Staff Sergeant Thomas Joseph Bricen Jr. (1922 - 1944)

12th Army Air Force - Mediterranean Theater - WWII - KIA

Remembering - Staff Sergeant Thomas Joseph Bricen Jr. - MZHS "Hero of Air Power"

Thomas J. Bricen Jr., son of Thomas and Agnes Gardner Bricen, was a Jay High School graduate, and married to Dorothy with a daughter Dianna. He entered the Army Air Forces on January 4, 1943 and, after training as a B25 Mitchell turret gunner, he was assigned to the 12th Army Air Force (445th Bomb Squadron, 321st Bomber Group) in March 1944.

From its home airbase in Solenzara, Corsica, the 445th bomber squadron participated in bombing raids over Italy, France, and Germany, and received a presidential citation for its missions. S/Sgt Bricen participated in his group’s historic 400th combat mission in an attack upon the Castiglioncello railroad bridge in Italy. He also was the turret gunner for one of the most destructive attacks carried out by a single B25 bomber group in which 3 warships in Toulon harbor were destroyed after the landings in Southern France. For Staff Sergeant Thomas Bricen, his 58th mission was to be his last. 

The 445th bomber squadron ran into plenty of trouble on Tuesday October 3, 1944 when bombing the Galliate Road Bridge in the Milan, Italy area. This “hot” target was surrounded by anti-aircraft defenses that cost the squadron two aircraft- the lead B25 bomber, and bomber B-25J named “Evora” which included turret gunner S/Sgt Thomas J. Bricen Jr. when hit by flak and went down in flames. It’s doubtful if any survived the attack. Listed as KIA, killed in action, the entire crew was interred October 5 in the Florence American Cemetery, Florence, Italy.

What a shock this must have been to his family. First they were told that his plane went down and he was MIA. And finally, after 6 months, he was officially declared Killed in Action. His parents were visiting relatives in Kersey when they heard that Tom was MIA. On the quiet somber drive home from Kersey, Tom’s 9 year old brother Danny witnessed his parents in a very different light, seeing his father, Tom Sr., cry for the first time.

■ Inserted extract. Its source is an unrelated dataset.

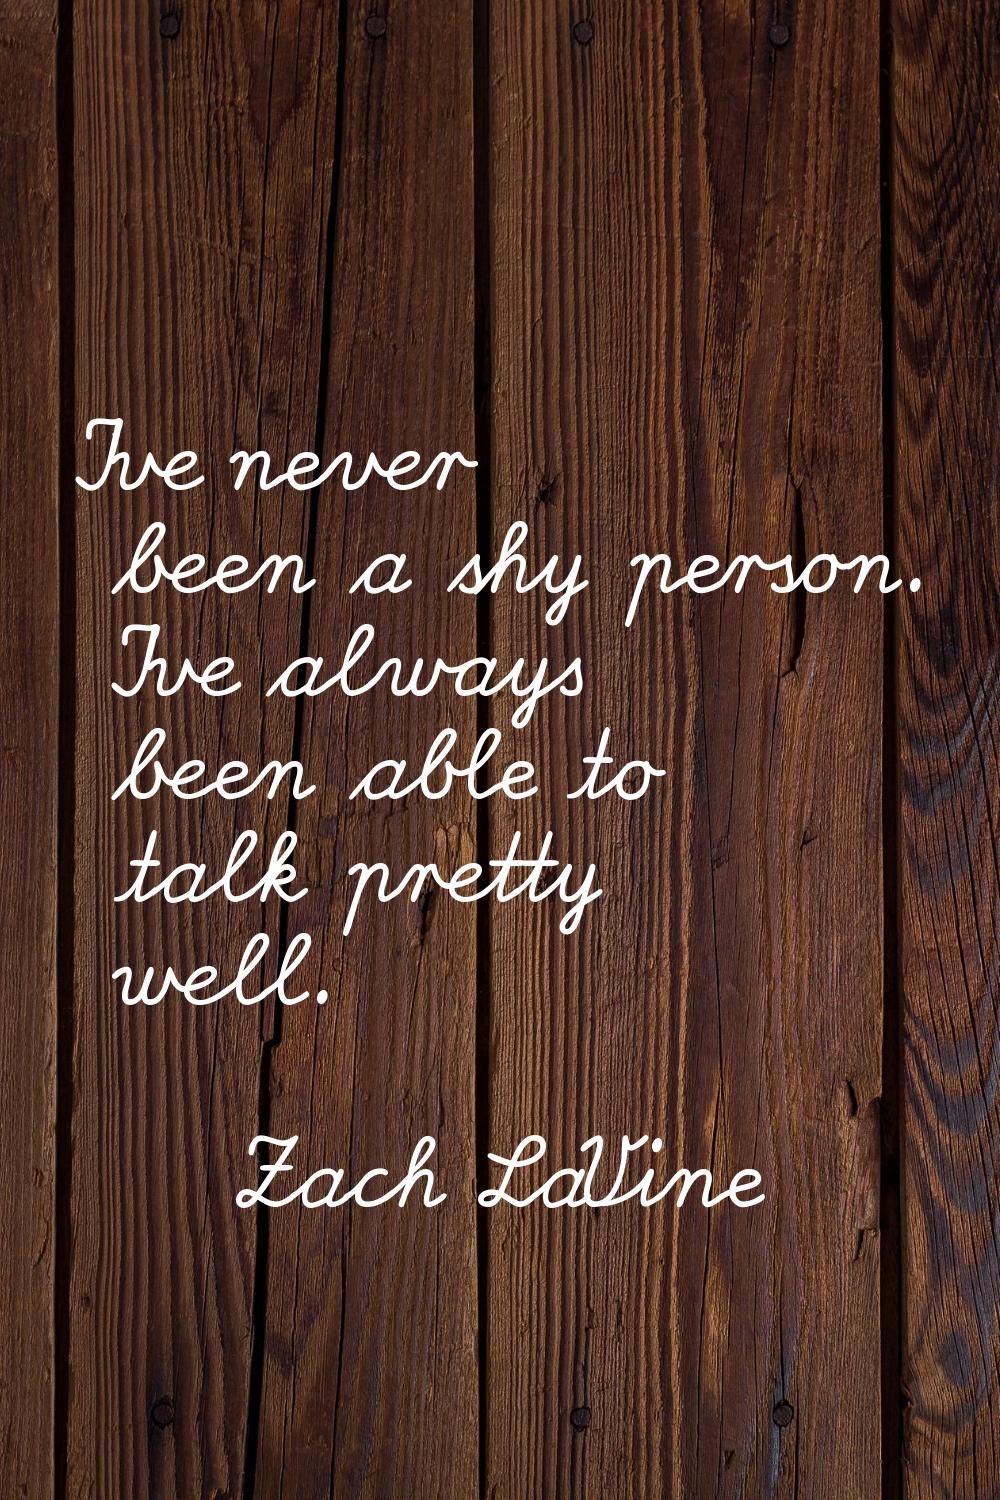 I've never been a shy person. I've always been able to talk pretty well.

Tom kept a diary with his combat missions and general thoughts. The last entry was prior to his last flight on Oct. 3. His diary was blank until on Oct. 8th it said “Birthday of my angel, Dianna. I hope she grows up to be as sweet as her mother.” On the cover of the diary was the name of his daughter, “DIANNA.”

Tom, whose body was never recovered, has a grave marker in the American Cemetery in Florence, Italy. Also his family placed a memorial stone in Gardner Hill Cemetery next to his mother. For his meritorious AAF service, Staff Sergeant Thomas Bricen Jr. was awarded the Air Medal with six Oak Leaf Clusters, a Presidential Unit Citation, and for his ultimate sacrifice- the Purple Heart. Mt. Zion’s “Heroes of Air Power” plaque is a fitting honor for this WW2 hero.

Remembering: Staff Sergeant Thomas J. Bricen Jr by Evo G. Facchine

Thomas J. Bricen Jr. was born in Weedville on September 14, 1922, son of Thomas F. Bricen Senior and Agnes Gardner Bricen. He was the second of seven children. Here we see the Gardner name appear again and, in fact, Tom was the second cousin of Pfc. Calvin P. Gardner, Pvt. Theodore O. Gardner and Lieutenant Thomas V. Smith, all killed in action and the subjects of previous articles.

Many Jay Township School students will remember Tom’s grandfather, John Gardner, every student’s friend and the popular janitor of the school on Route 255.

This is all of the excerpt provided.